**Directions for this task:** Return the data verbatim, without pictures.

Given information: Begin

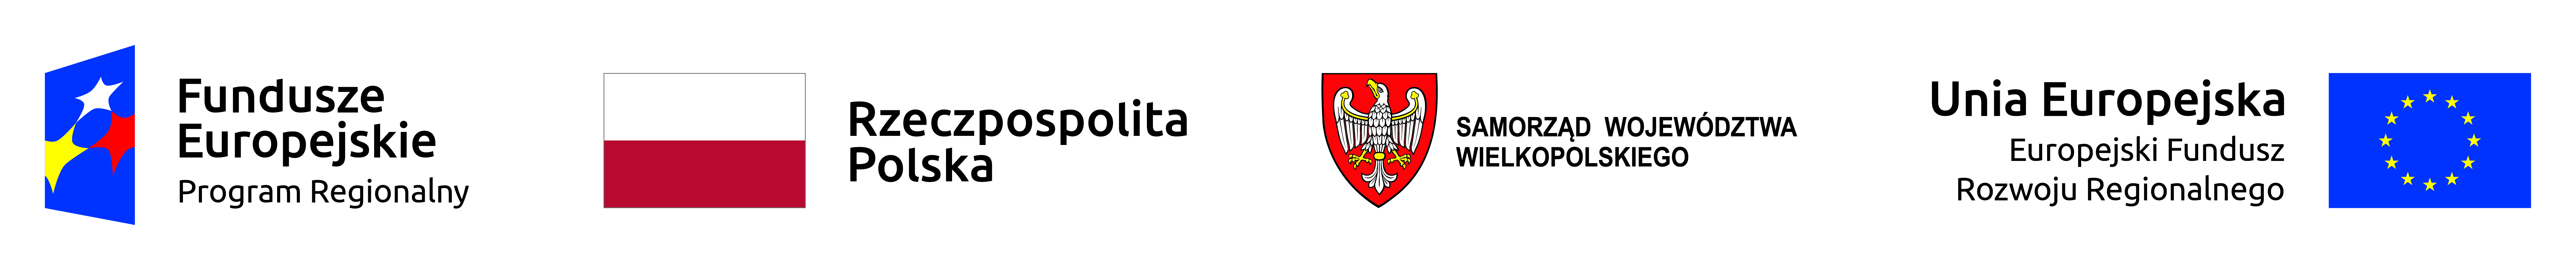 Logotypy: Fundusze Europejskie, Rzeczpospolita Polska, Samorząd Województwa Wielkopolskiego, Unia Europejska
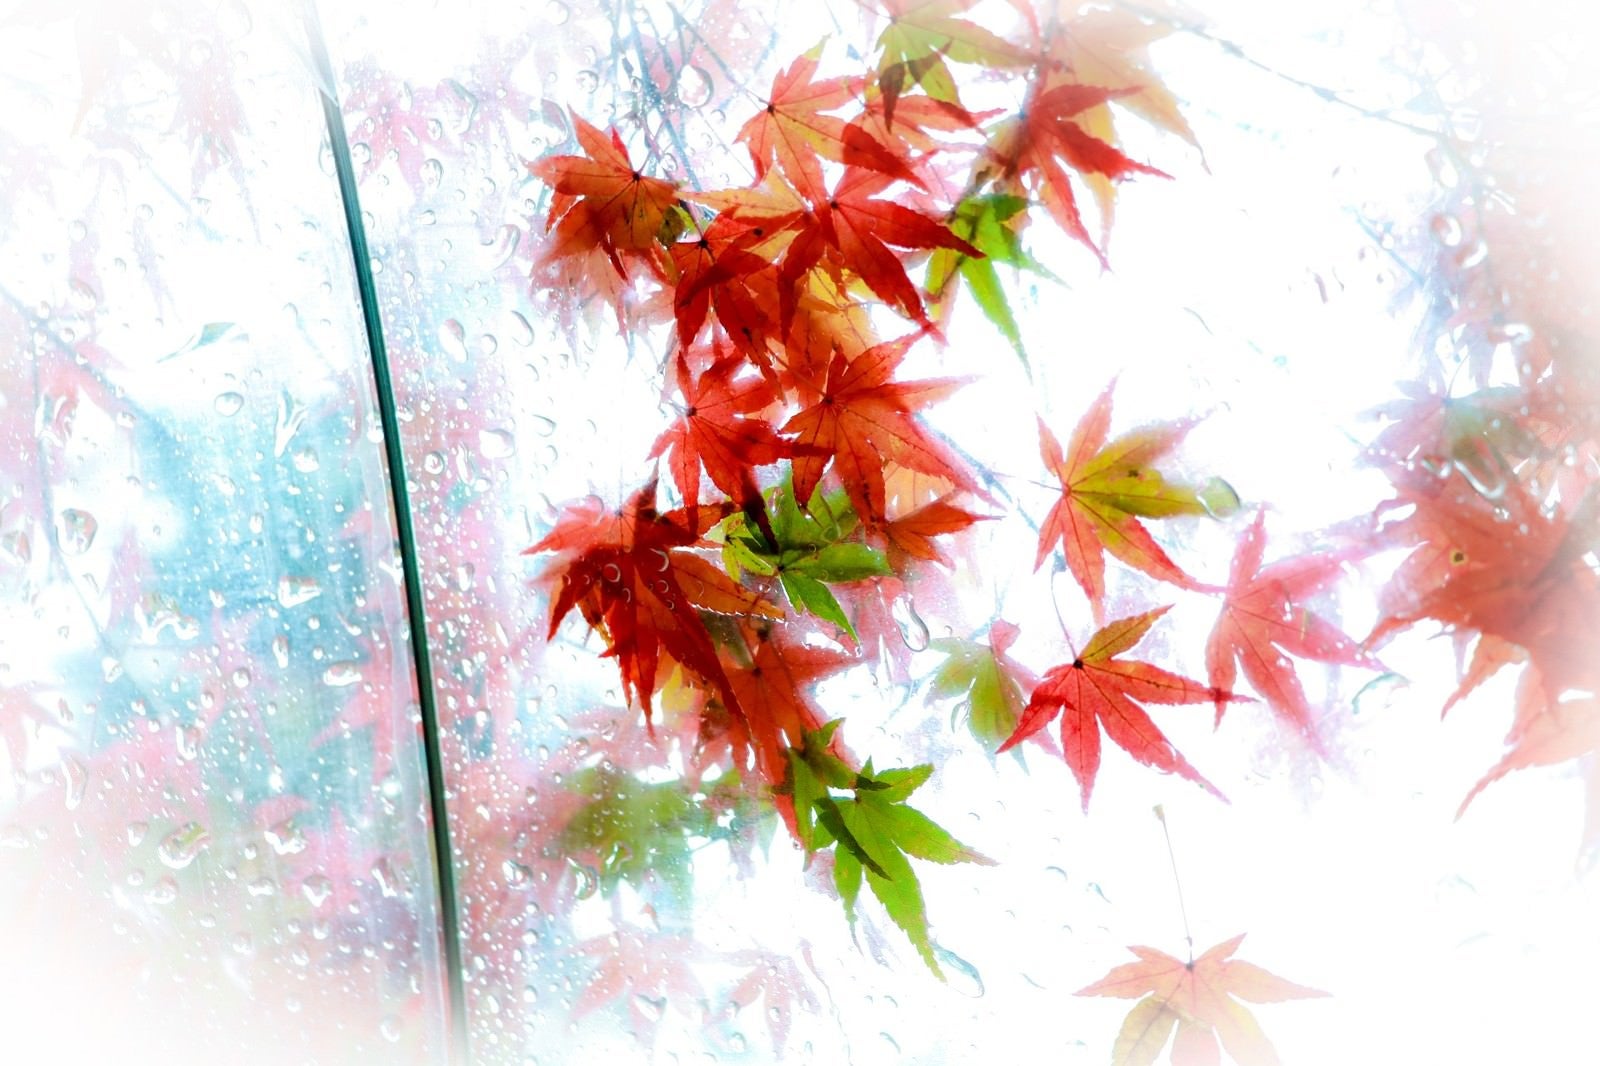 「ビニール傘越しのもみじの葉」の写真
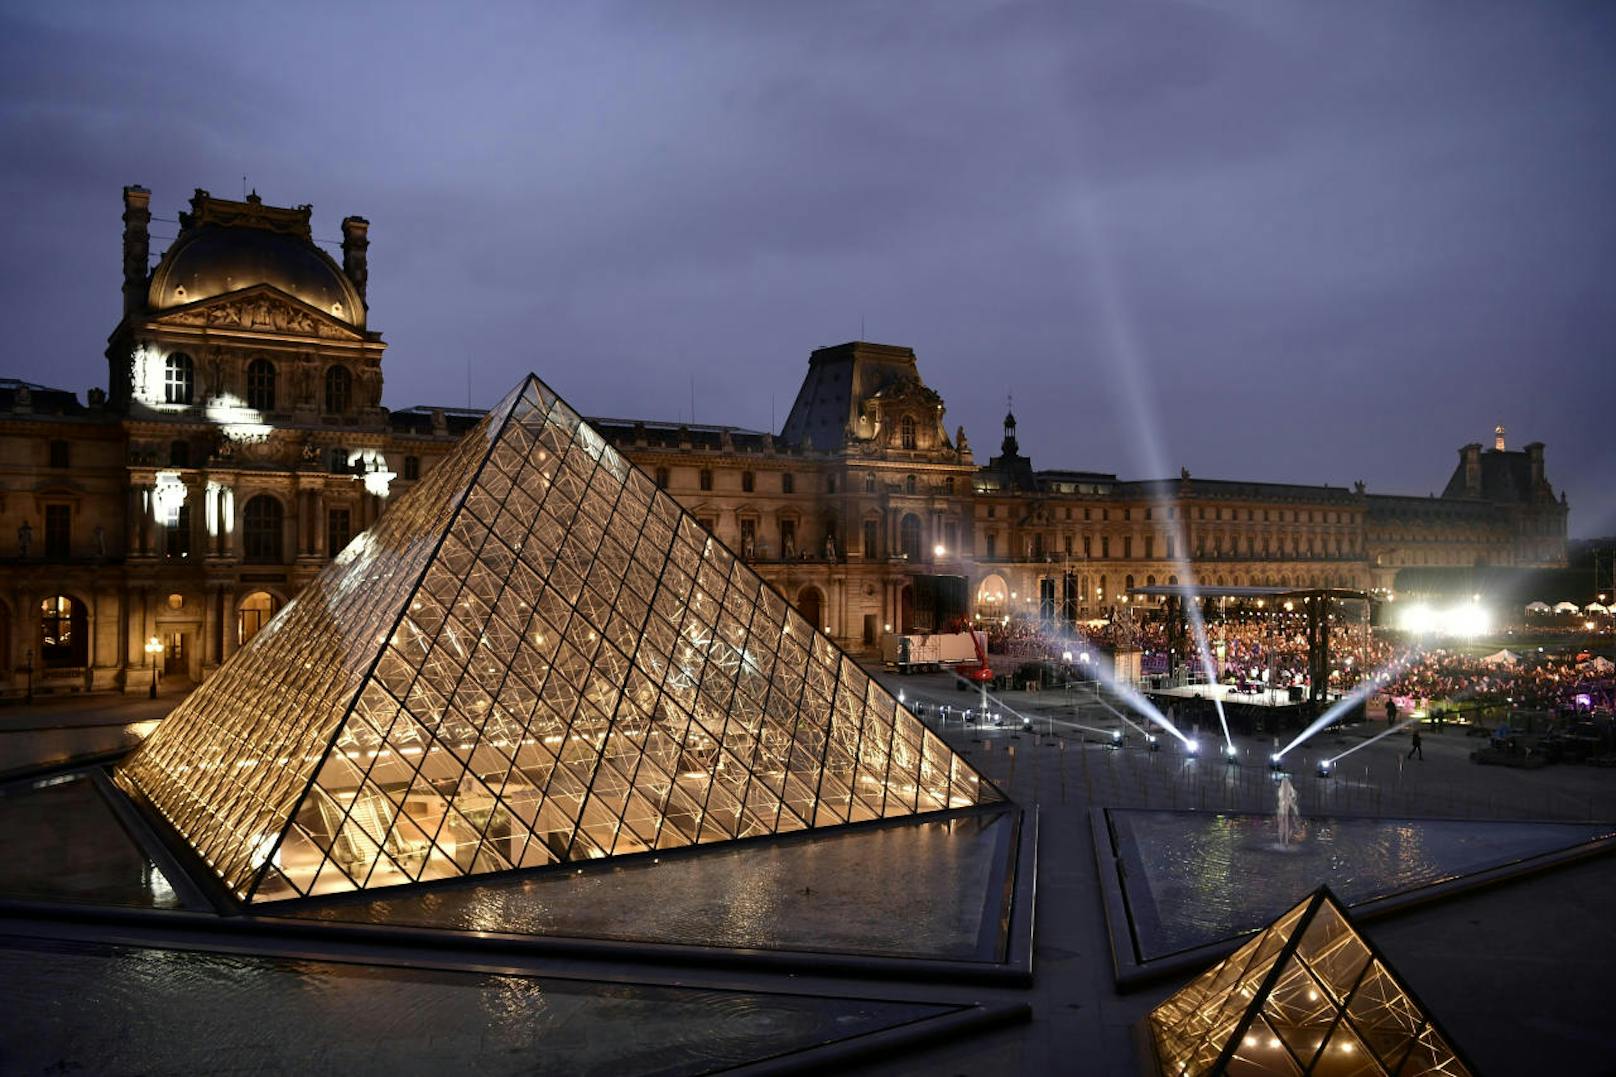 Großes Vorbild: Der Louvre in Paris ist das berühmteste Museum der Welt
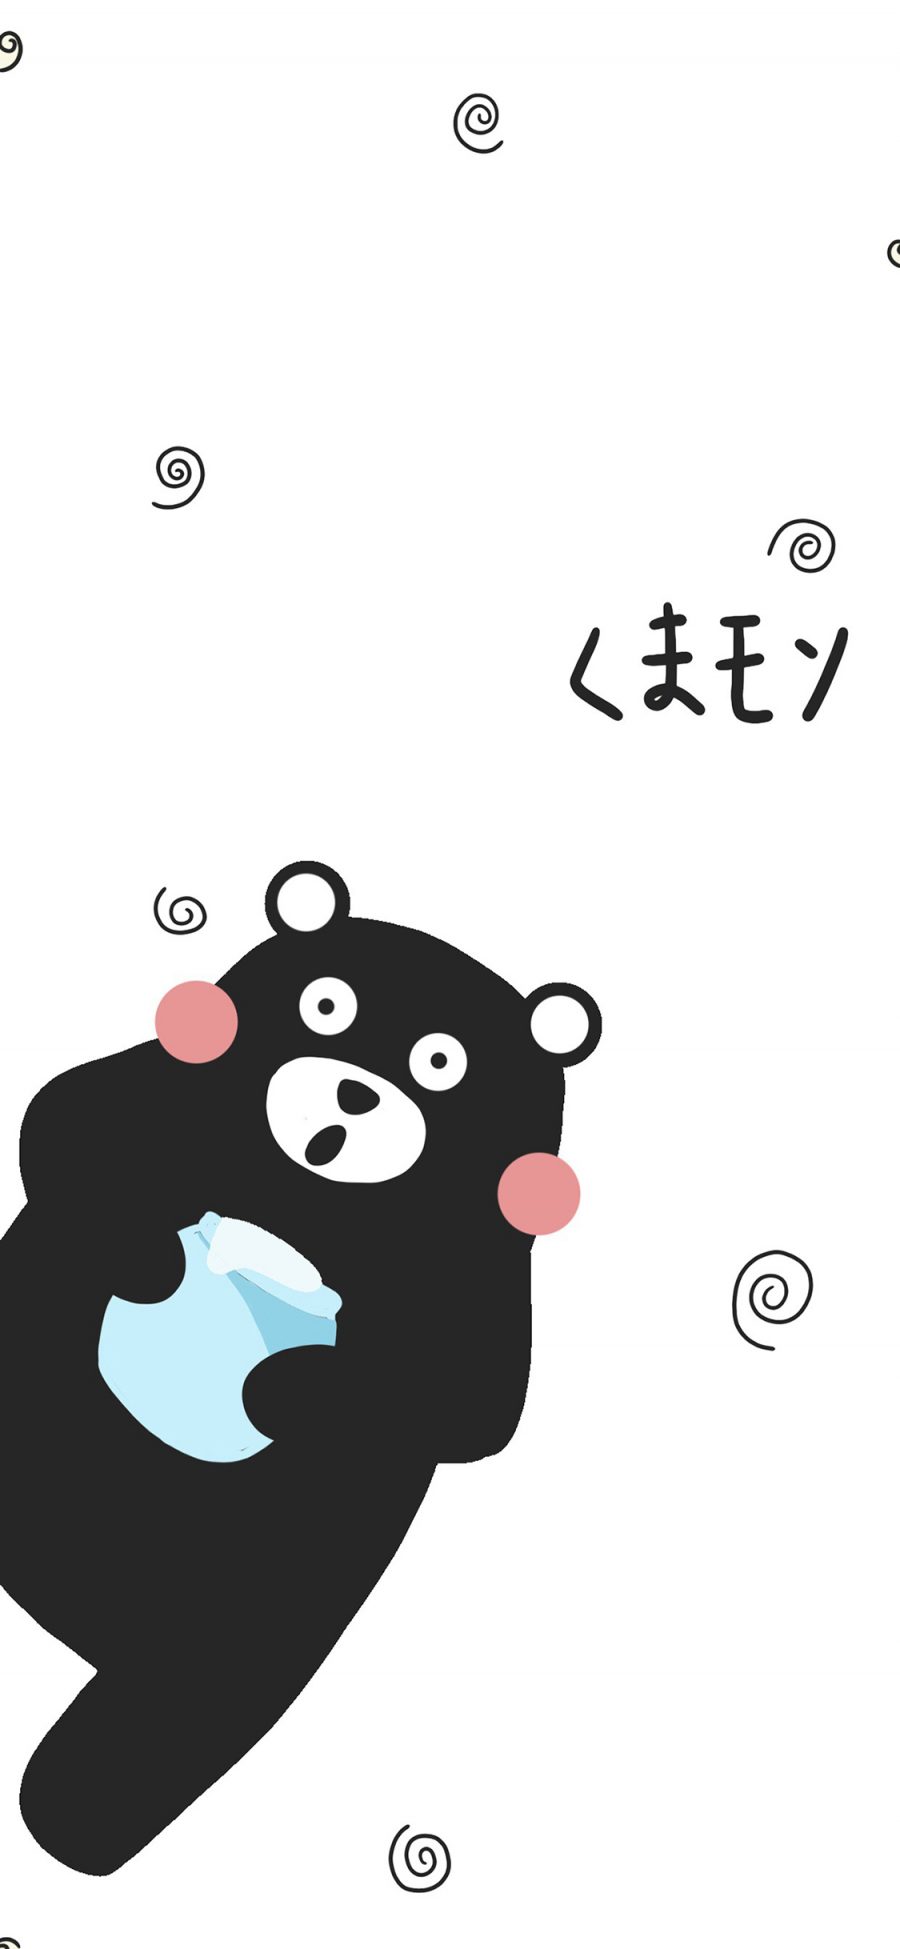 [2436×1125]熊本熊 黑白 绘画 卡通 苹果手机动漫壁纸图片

Given information: End

**Answer section:**
 Logotypy: Fundusze Europejskie, Rzeczpospolita Polska, Samorząd Województwa Wielkopolskiego, Unia Europejska
 「ビニール傘越しのもみじの葉」の写真
 Großes Vorbild: Der Louvre in Paris ist das berühmteste Museum der Welt
 [2436×1125]熊本熊 黑白 绘画 卡通 苹果手机动漫壁纸图片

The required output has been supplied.